Une fois tous les autobus de manifestants arrivés, les différents chefs syndicaux de la Ville de Québec se sont succédé au micro, encourageant la foule à se faire entendre par Régis Labeaume. Le maire avait émis des doutes plus tôt cette semaine sur la force de mobilisation des syndiqués de Québec, ironisant que ces derniers devaient «importer des manifestants et quelques comédiens».

«On a 32 autobus qui sont là uniquement de cols blancs de Québec», a lancé Jean Gagnon, président du syndicat des cols blancs, en réponse aux propos de Régis Labeaume. «Pour nous, ça commence.»

Également présent, le porte-parole de la Coalition syndicale pour une libre négociation, Marc Ranger, ne s'est pas gêné pour dénoncer l'attitude «méprisante» du maire Labeaume envers ses employés municipaux. «Il y a un seul comédien à la Ville de Québec et c'est un clown», s'est exclamé M. Ranger à propos du maire sous une pluie de trompettes et d'applaudissements.

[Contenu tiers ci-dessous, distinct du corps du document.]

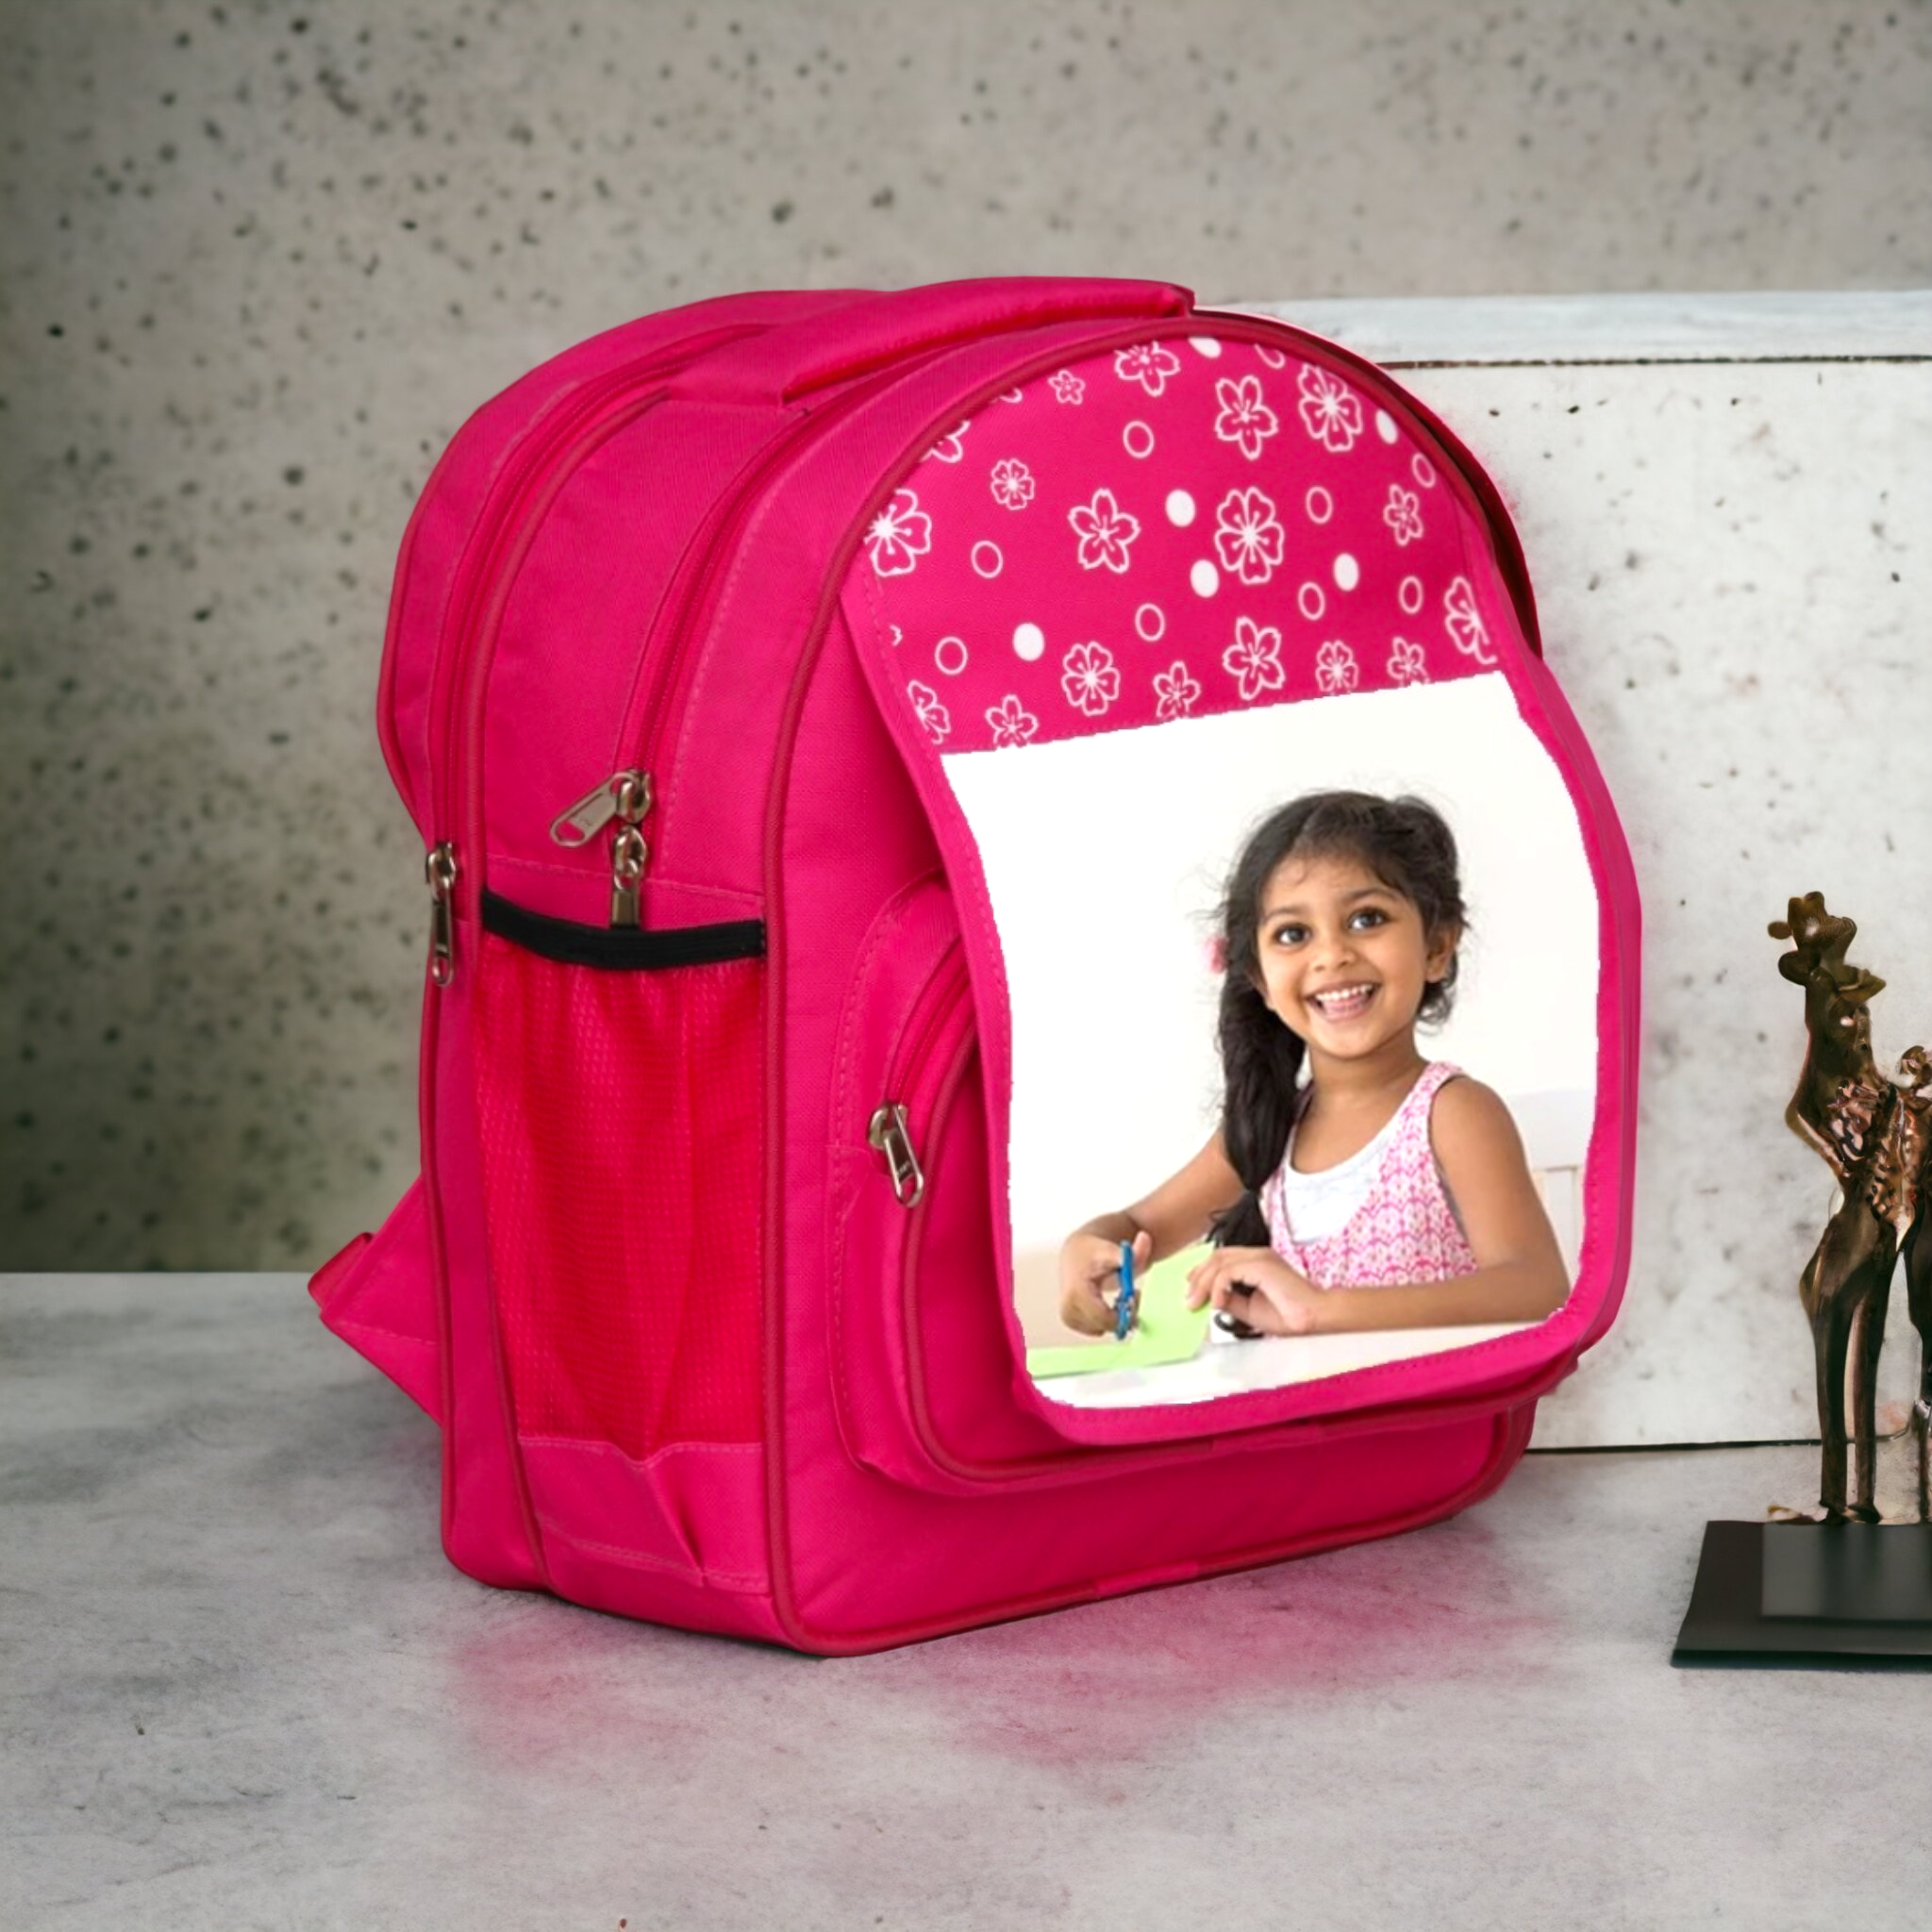 Customized kids school bag | School bag for kids | Kids school bag under 1000 rs |School bags | Best school bag for kids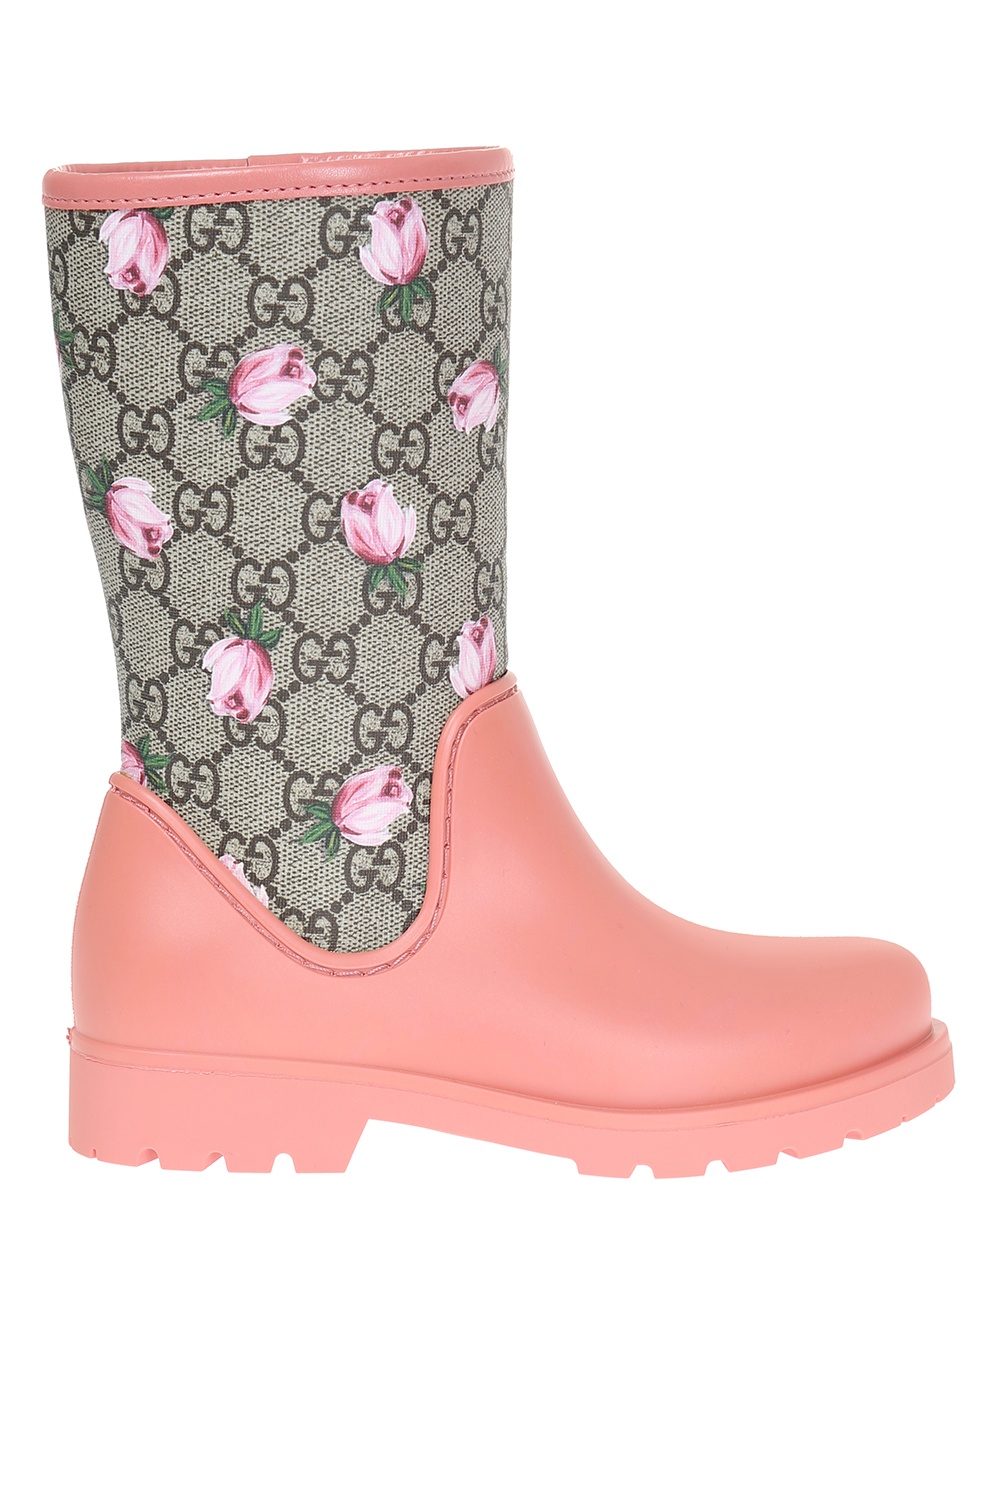 gucci floral rain boots

Dénonçant le «vol» dont ils sont victimes et agitant le spectre des tribunaux si le projet de loi 3 est voté dans sa forme actuelle, les chefs syndicaux ont également montré du doigt le déficit des régimes de retraite des élus municipaux et provinciaux, qui ne se voient pas demander de concessions. «Des petites chemises avec des boutons de manchette qui crachent sur le petit monde», selon Jean Gagnon. «Ça n'a aucun sens que la population soit derrière ce gouvernement-là», s'est-il désolé, avant de refuser de dévoiler la date du «grand dérangement», annoncé pour le mois de novembre.

Labeaume réagit

À l'intérieur de l'hôtel de ville, beaucoup d'agents de police avaient été ajoutés, mais l'ambiance est demeurée calme alors que la présence des manifestants était davantage... musicale. On entendait distinctement la musique que crachaient les haut-parleurs placés rue des Jardins avec un choix varié, allant du rock lourd de Rammstein aux rythmes dansants de Bruno Mars. «La musique est bonne, je trouve qu'il y a un bon choix, comme on aime», a lancé le maire Régis Labeaume en point de presse dans son bureau avant la séance du conseil municipal.

Le maire a aussi réagi lorsqu'en plein échange, la chanson Les comédiens de Charles Aznavour a retenti, en réponse à ses propos de la semaine dernière. «C'est bon ça», a lancé Régis Labeaume.

Les échanges entre élus ont été ponctués de bruits de sirènes et de musique. La présidente du conseil Geneviève Hamelin a même dû demander aux conseillers de demeurer assis pendant leurs interventions afin que la télévision capte bien leurs propos.

Sur le fond de la question, les syndiqués opposés au projet de loi 3 ont tout le loisir de manifester, a dit le maire de Québec. «On est en démocratie, ils peuvent faire ce qu'ils veulent.» «Mais ça ne changera absolument rien», a-t-il ajouté quant aux mesures contenues dans ce projet de loi. Au premier chef, Régis Labeaume tient mordicus au partage des déficits passés entre la Ville et des employés, principale cause de la grogne syndicale. M. Labeaume a aussi dit lundi souhaiter une adoption rapide de la loi pilotée par le ministre des Affaires municipales, Pierre Moreau.

«Il faut que ce soit voté pour les Fêtes parce qu'il y a des échéances au 1er janvier et au 1er février», a-t-il dit.